Вечером он стоял в пивняке, что рядом с работой, и среди пивного гула, вонючих остовов сардинелы и соленых сушек написал на сложенном вдвое листке в клеточку:
Люблю отчизну я, за что — не понимаю,
Уж лучше — сиротой иль где-нибудь в Китае,
И вместо прав — закон, которого не знаю,
И никогда один — навечно сослан в стаю.
И нашим парусам белеть неодиноко,
Мы — фаталисты от отечества как рока
И расставанье с ним — тяжелая морока:
Здесь каждый зуб — за зуб и каждый глаз — за око.
Рабы немы — с эпохи Годунова,
Меняются цари, но только не оковы.
Сквозь зубы цедим мы достоинства основы:
«Свободу мысли, совести и слова»
Так он стал невыездным на двадцать лет.
Но это — потом, а пока — свадьба Олега и Веры, надвигающаяся, седьмая по счету сессия, а на ее блеклом, почти незаметном фоне —
Любовь по первой пороше
Четвертый курс — свадебный. Немосквичи интенсивно женятся на москвичках, немосквички, понимая, что шансов — ноль, выходят замуж за подобных себе, чтобы уехать из Москвы, к которой привыкли, в неведомую тьмутаракань, то ли на три года, то ли навсегда…

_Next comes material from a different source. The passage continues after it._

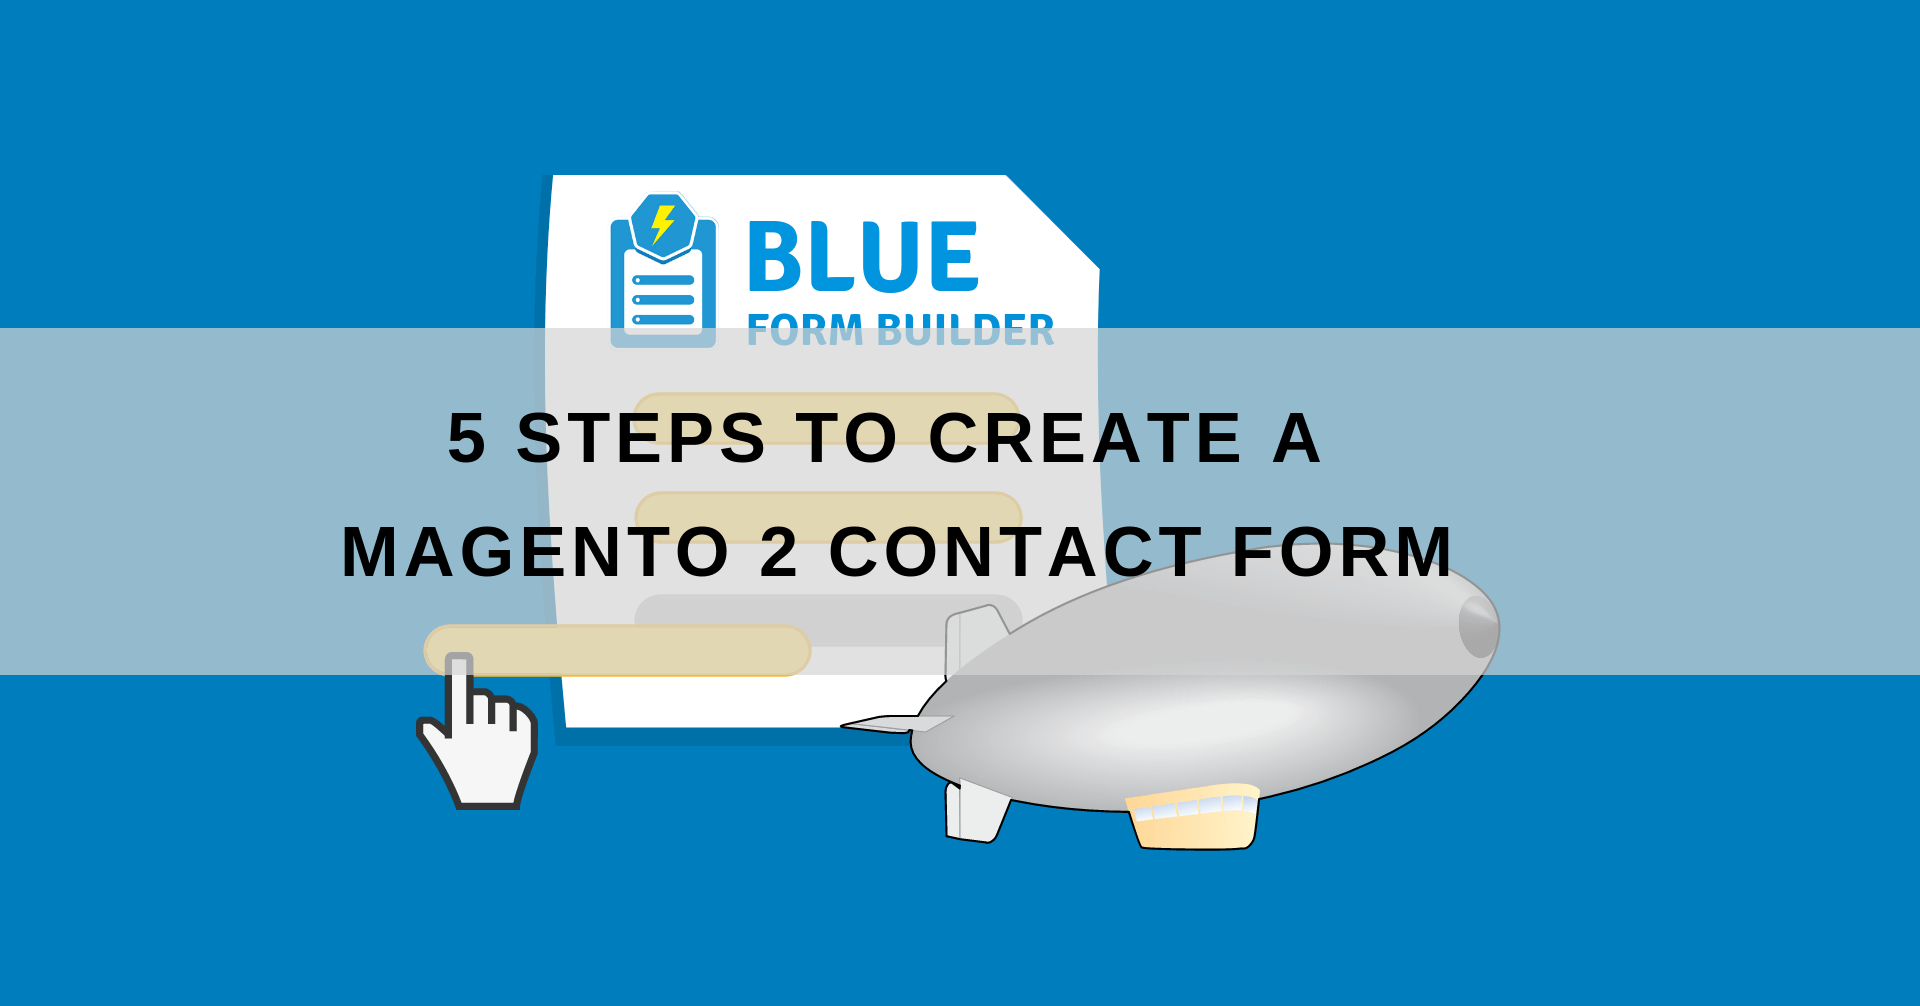 Magento 2 contact form
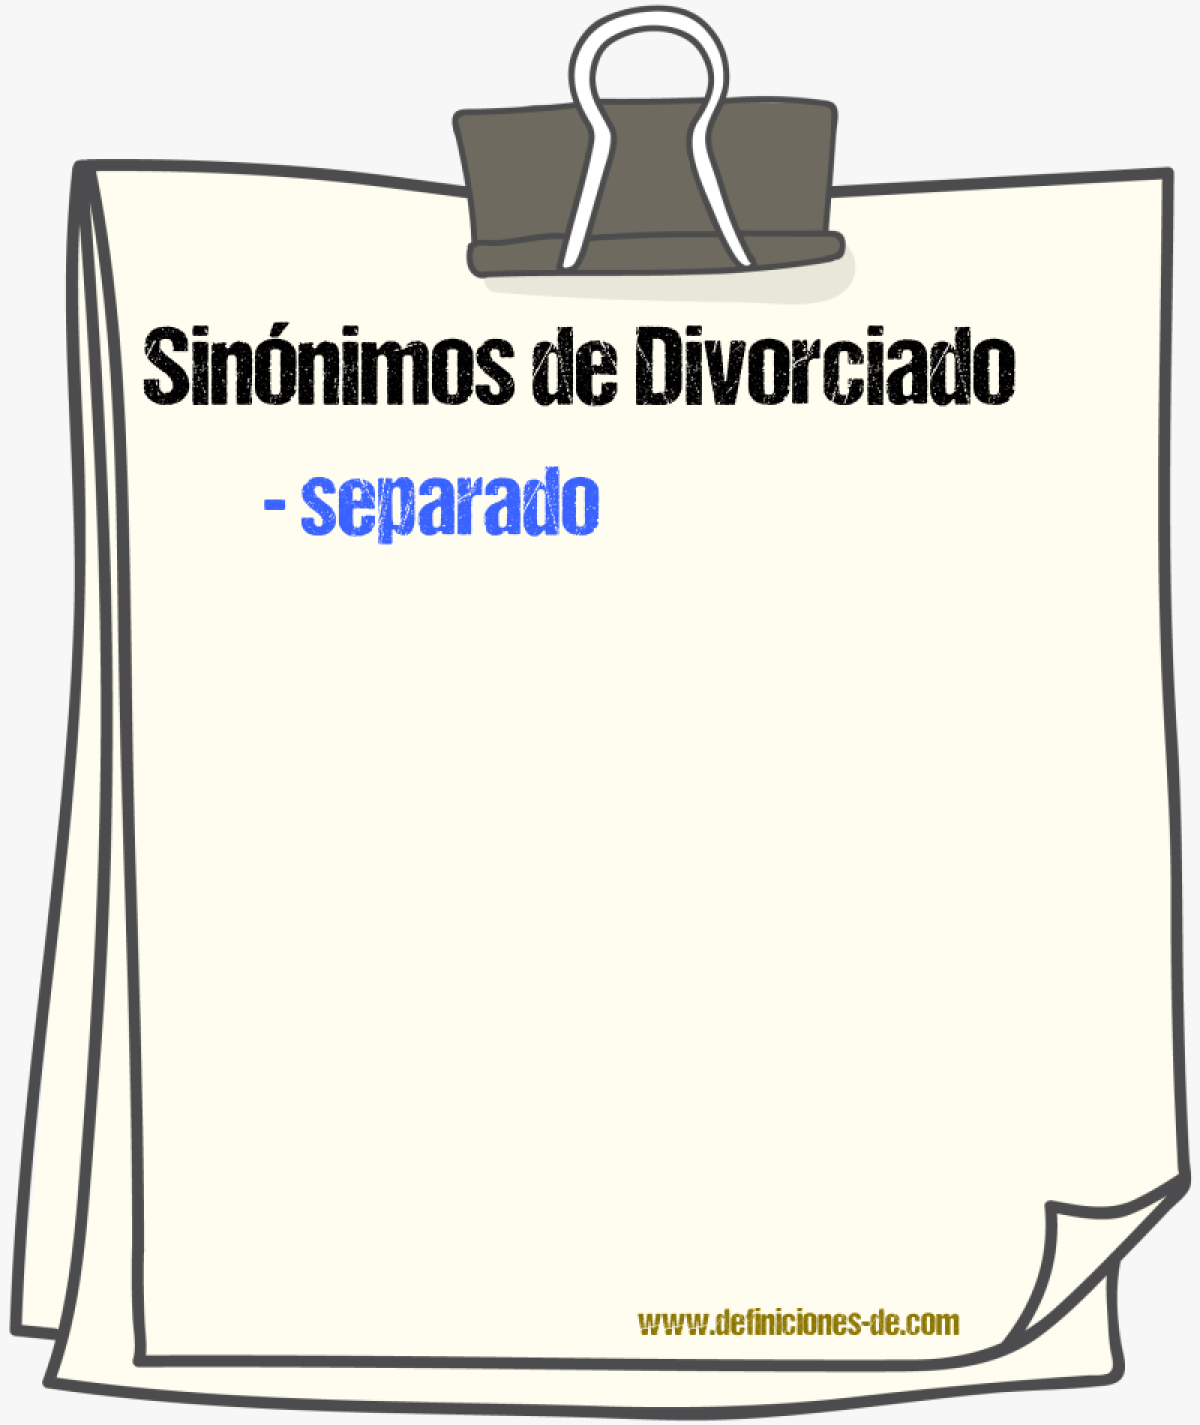 Sinónimos de divorciado

Толику не повезло больше всех.
В него буквально вцепилась Лариса Шнейдер из параллельной группы. Она и сама была ничего, хотя и рыжая, но главное — родители: папа — доктор наук и завкафедрой научного коммунизма, мама — старший препод по истории КПСС. В пивной «Ёлочка» Толик так описал свой облом:
— Ну, пригласила она мня к себе домой, на смотрины, а мы с ней уже вовсю, даже забеременела; сидим, чай пьем, коньяк.
— Французский?
— Наш, три звездочки, армянский, ну, то-сё, тары-бары, хвост на заборе, расспрашивают по всей анкете, а тут кошак вываливает, вальяжный такой, мордастый.
— Сибирский?
— Нет, перс, глаза злющие. К ноге хозяйки, обтираться, а за ним — псина, здоровенная, породистая.
— Какой породы?
— А хрен его… не разбираюсь, но, если тяпнет, то по колено — считай Мересьев до конца дней своих. Хозяйка, тёща несостоявшаяся, хвалится: «наш котик в день на пятьдесят копеек питается, это без ветеринарной службы, а пёсик» — пёс знает, какой породы и как зовут, плевать — «аж на рубль!»
— Во дают!
— И у меня — та же мысль, я и высказался: «у меня стипендия с этого семестра — сороковка, матери в Севастополь каждый месяц по десятке отсылаю, живу, стало быть, на тридцатку, по рублю в день: а хотите, я вам за полтора рубля в день и мяукать буду, и гавкать, и еще тапки приносить?» Они сразу притихли, только глазами друг другу: «ты кого к нам в дом привела?», и на меня зыркают: «кыш отсюда, из приличного дома!», «духу чтоб твоего…», ну, и так далее. Я уже на лестничной площадке Ларке говорю: «не дрейфь, на аборт тридцатку дам», она мне — наотмашь, по скулам. Я ей тоже по сусалу отвесил — прощальный поцелуй называется.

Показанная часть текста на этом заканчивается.